* [Supplied data]
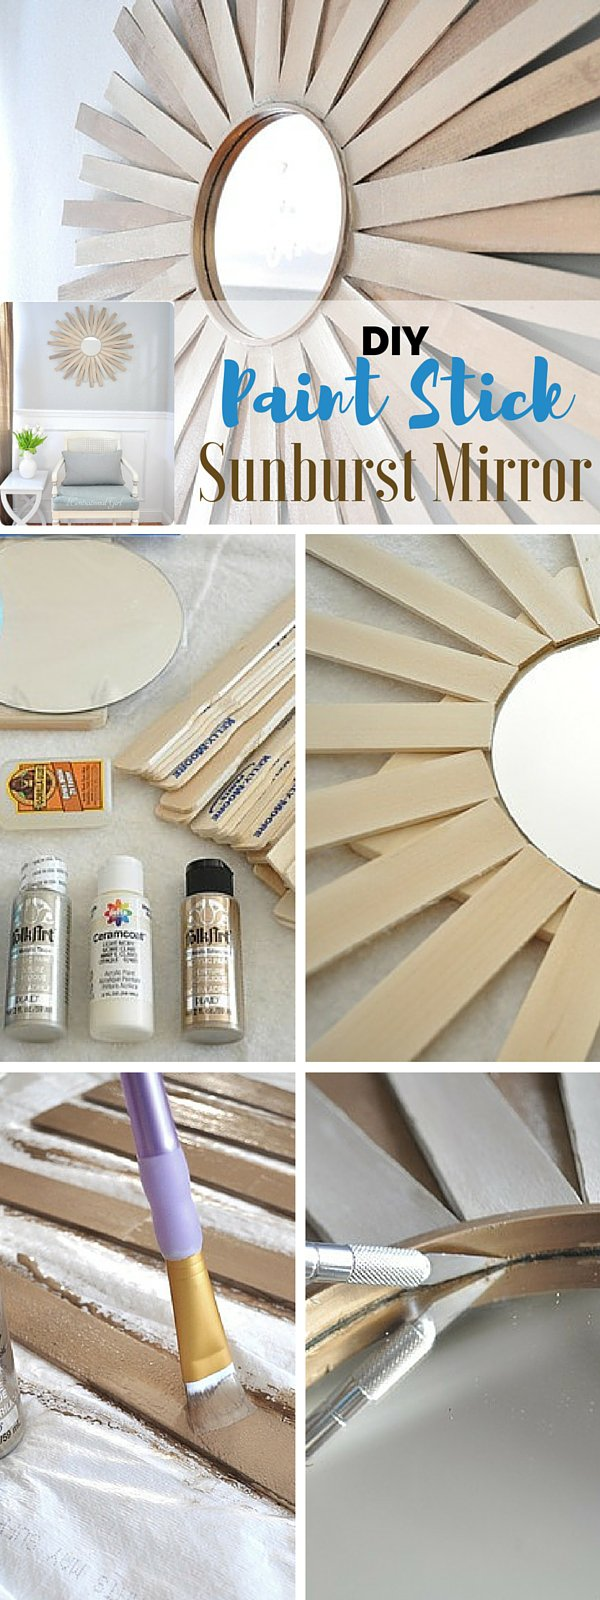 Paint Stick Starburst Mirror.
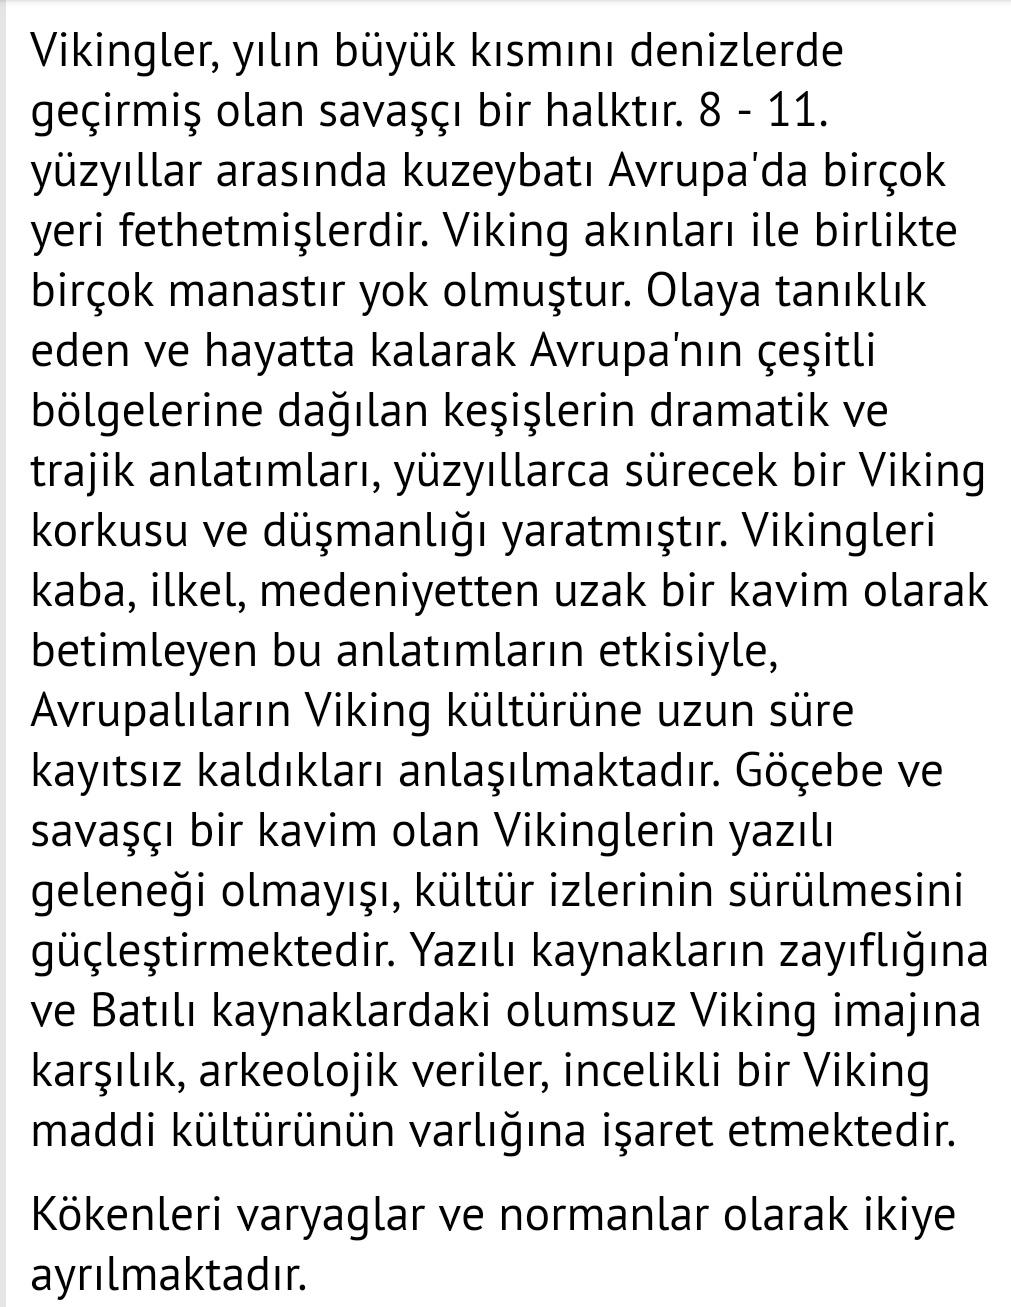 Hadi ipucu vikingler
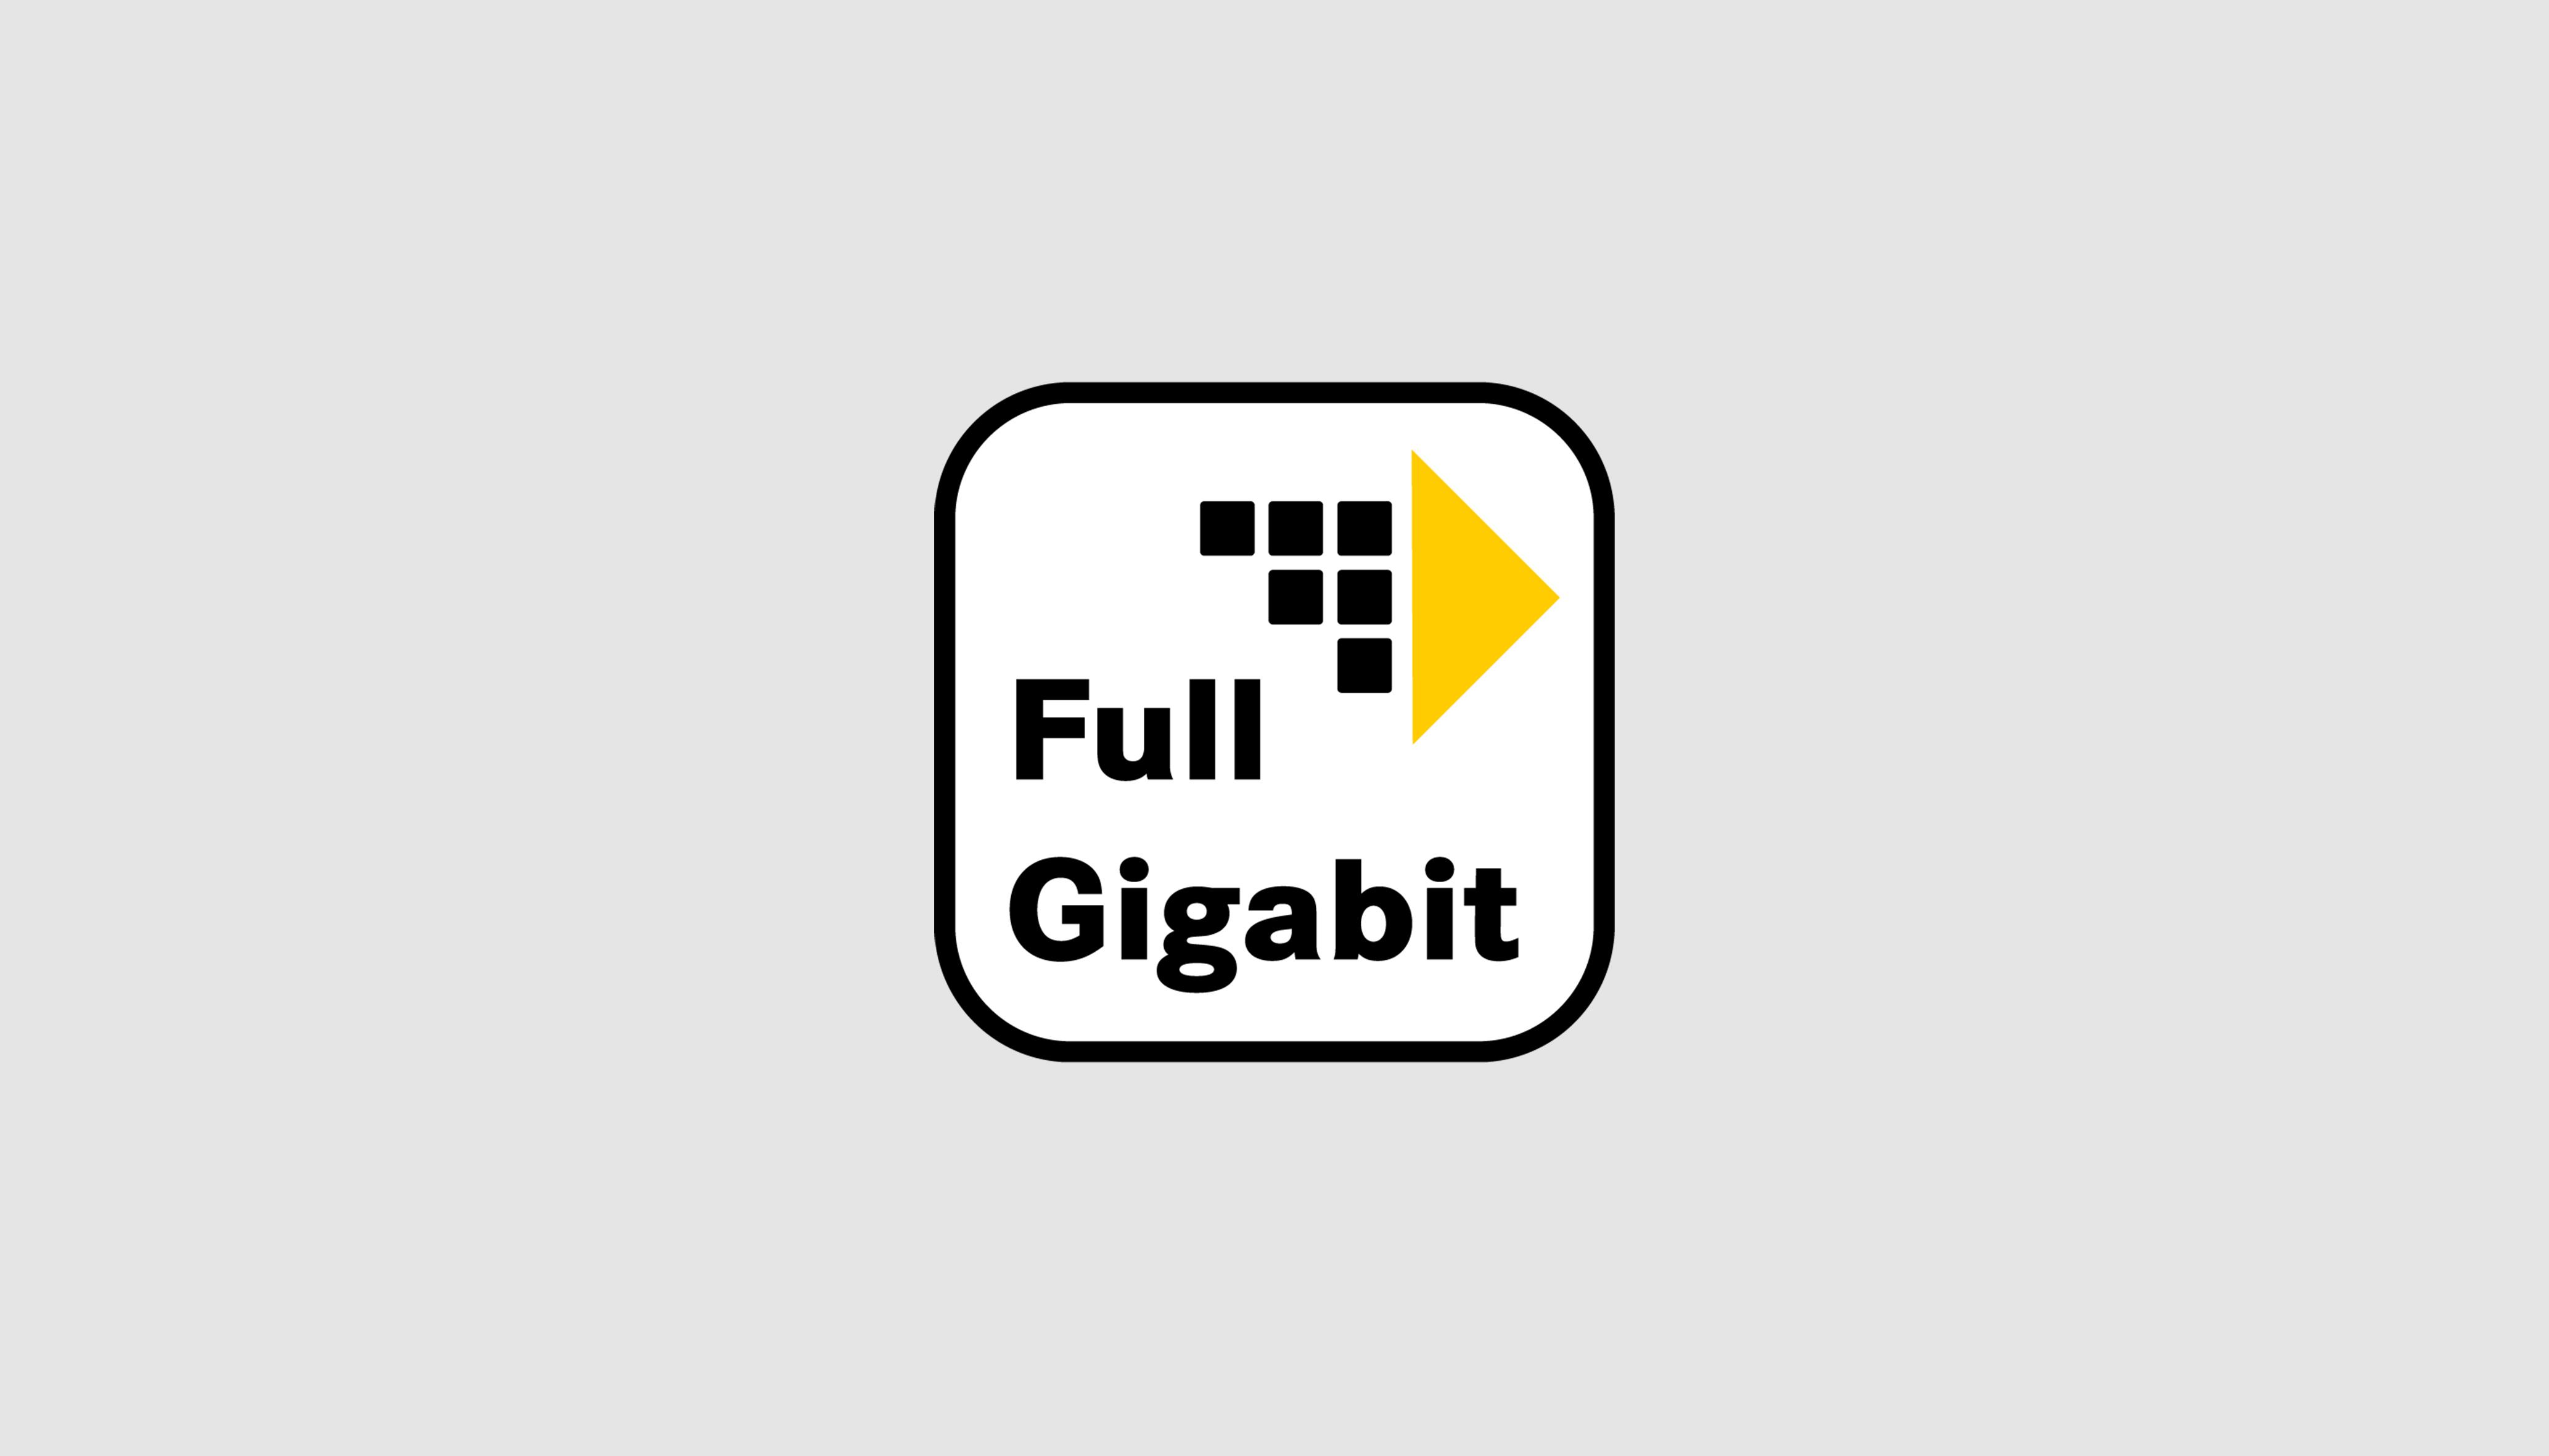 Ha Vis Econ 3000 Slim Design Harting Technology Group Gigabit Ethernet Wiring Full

* [Your assignment] The task calls for repeating each line above exactly while excluding the pictures.

* [Solution to this problem]
 Paint Stick Starburst Mirror.
 Hadi ipucu vikingler
 Ha Vis Econ 3000 Slim Design Harting Technology Group Gigabit Ethernet Wiring Full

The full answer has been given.